Prima di poter tradurre tra nomi di account e SID, l'applicazione deve ottenere un handle all'oggetto Criteri locale, come illustrato in Apertura di un handle oggetto Criteri.

L'esempio seguente cerca il SID per un account, dato il nome dell'account.

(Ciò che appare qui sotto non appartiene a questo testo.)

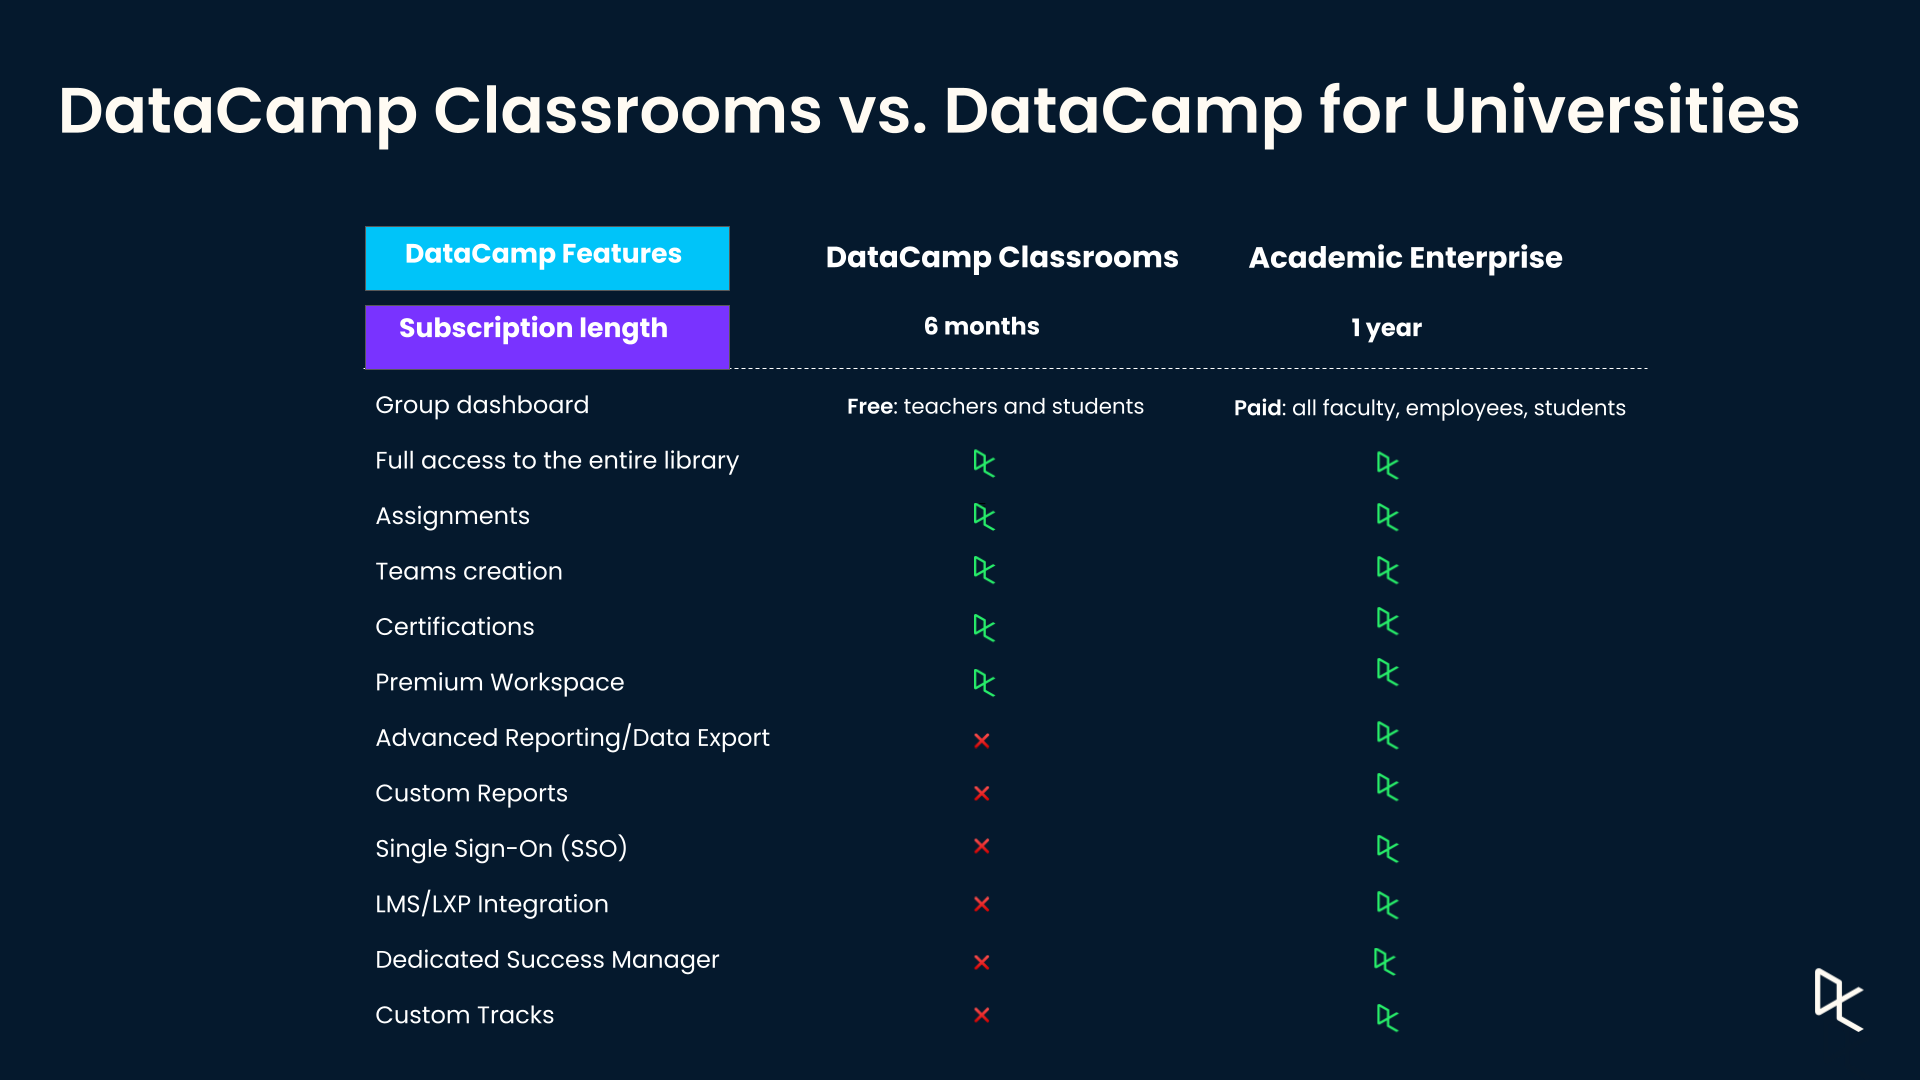 DataCamp Classrooms vs Universities

void GetSIDInformation (LPWSTR AccountName,LSA_HANDLE PolicyHandle)
{
  LSA_UNICODE_STRING lucName;
  PLSA_TRANSLATED_SID ltsTranslatedSID;
  PLSA_REFERENCED_DOMAIN_LIST lrdlDomainList;
  LSA_TRUST_INFORMATION myDomain;
  NTSTATUS ntsResult;
  PWCHAR DomainString = NULL;

  // Initialize an LSA_UNICODE_STRING with the name.
  if (!InitLsaString(&lucName, AccountName))
  {
         wprintf(L"Failed InitLsaString\n");
         return;
  }

  ntsResult = LsaLookupNames(
     PolicyHandle,     // handle to a Policy object
     1,                // number of names to look up
     &lucName,         // pointer to an array of names
     &lrdlDomainList,  // receives domain information
     &ltsTranslatedSID // receives relative SIDs
  );
  if (STATUS_SUCCESS != ntsResult) 
  {
    wprintf(L"Failed LsaLookupNames - %lu \n",
      LsaNtStatusToWinError(ntsResult));
    return;
  }

  // Get the domain the account resides in.
  myDomain = lrdlDomainList->Domains[ltsTranslatedSID->DomainIndex];
  DomainString = (PWCHAR) LocalAlloc(LPTR, myDomain.Name.Length + 1);
  wcsncpy_s(DomainString,
     myDomain.Name.Length + 1, 
     myDomain.Name.Buffer, 
     myDomain.Name.Length);

  // Display the relative Id. 
  wprintf(L"Relative Id is %lu in domain %ws.\n",
    ltsTranslatedSID->RelativeId,
    DomainString);

  LocalFree(DomainString);
  LsaFreeMemory(ltsTranslatedSID);
  LsaFreeMemory(lrdlDomainList);
}

Nell'esempio precedente la funzione InitLsaString converte una stringa Unicode in una struttura LSA_UNICODE_STRING . Il codice per questa funzione viene visualizzato in Uso di stringhe Unicode LSA.

Nota

Queste funzioni di traduzione vengono fornite principalmente per l'uso da parte degli editor di autorizzazioni per visualizzare le informazioni sull'elenco di controllo di accesso . Un editor di autorizzazioni deve sempre chiamare queste funzioni usando l'oggetto Policy per il sistema in cui si trova il SID del nome o dell'identificatore di sicurezza . Ciò garantisce che il set appropriato di domini attendibili venga fatto riferimento durante la traduzione.

 

Windows Controllo di accesso fornisce anche funzioni che eseguono traduzioni tra SID e nomi di account: LookupAccountName e LookupAccountSid. Se l'applicazione deve cercare un nome account o SID e non usa funzionalità aggiuntive per i criteri LSA, usare le funzioni di Controllo di accesso Windows anziché le funzioni Criteri LSA. Per altre informazioni su queste funzioni, vedere Controllo di accesso.